Hmm. That left us conveniently alone in the kitchen, the perfect setup if someone wanted to slip poison into someone else’s cup. I glanced at her pink-cheeked face as she poured cream into her coffee and stuffed in a packet of sugar. Was I sitting with a devious, scheming woman or a sweet little baker? To be on the safe side, I decided not to drink or eat anything unless she did first.
Eve glanced up at me with a hopeful smile. “You thaid on the phone you had new information?”
I doused my coffee with cream and added sugar, just as she’d done, debating on how best to get her to confess her crime. “Yes, I do have new information. First of all, Trina has a solid alibi for Sunday evening.”
“Oh.” She seemed disappointed.
“Also, I located the woman who I thought was Dennis’s former girlfriend, but as it turns out, she had only been helping him with his clown act, and her alibi checked out, too.”
“And Dennis’s neighbors? The Mazellas?”
“Other than that they didn’t get along with him, there’s nothing to tie them to his death.”
She looked smug as she sipped her coffee. “That leaves Mister Salvare, as I’d originally suspected.” Smug was good. It was a sign of confidence, and when a person felt confident, she was more apt to give up information.
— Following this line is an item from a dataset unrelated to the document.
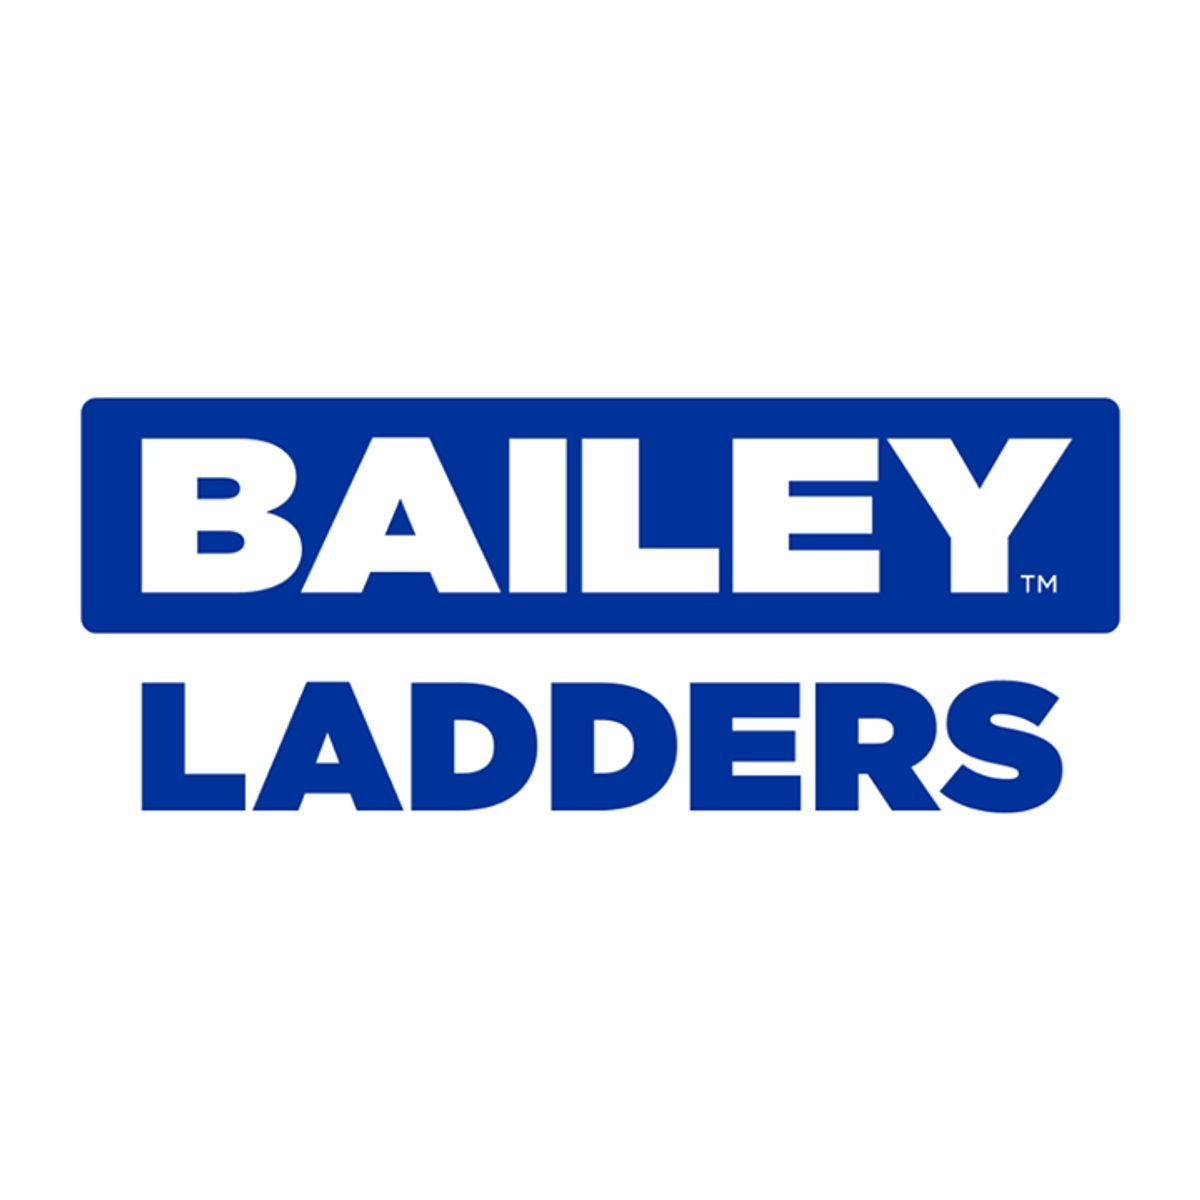 BAILEY-LADDERS

“By the way,” I said casually, “did Dennis have any food allergies that you knew of?”
“I don’t think so. Why?”
“I noticed something odd in a report from the prosecutor’s office. But before I go any further, are you okay discussing this? I know it must be painful—he was your
son
, after all.”
“Painful doethn’t begin to dethcribe my agony, but I need to clothe the door on thith. Tho, pleathe, go ahead.”
Aha! Her deception continued. I knew I was on the right track now.
Eve held up a hand. “Wait. Before you go any further, I must clear up a mithunderthtanding. Dennis wasn’t my son. He was my stepson.”
I didn’t have to try to look astonished. I
was
astonished. What did this sudden confession mean? That she knew I was suspicious?
She gave me a chagrined glance. “I’m thorry I didn’t tell you earlier, Abby. I called him my thon becauthe I tried to think of him ath my own. And believe me, that wasn’t easy. Dennis was always causing trouble, in and out of juvenile detention from the age of thirteen. He couldn’t theem to help himself.”
“Then how could you believe he was innocent of robbing the convenience store?”
“Dennith made hith thare of mithtaketh, but he wathn’t a felon.” Eve spotted a misshapen petal on one of the steps and plucked it off, dropping it in the waste can beside the counter with a look of disgust. “I detetht imperfections in my work, don’t you?”
If she detested imperfections, how had she ever tolerated Dennis? Yet she seemed to have cared about him, bringing him cakes every week and clucking over his accomplishments as if he were a little boy. However, I still couldn’t picture the bald, tattooed, pockmarked, snarling bully I’d seen in the newspaper photo as the
boy
she kept referring to.
“What wath in that report that made you athk about hith allergieth?” she asked.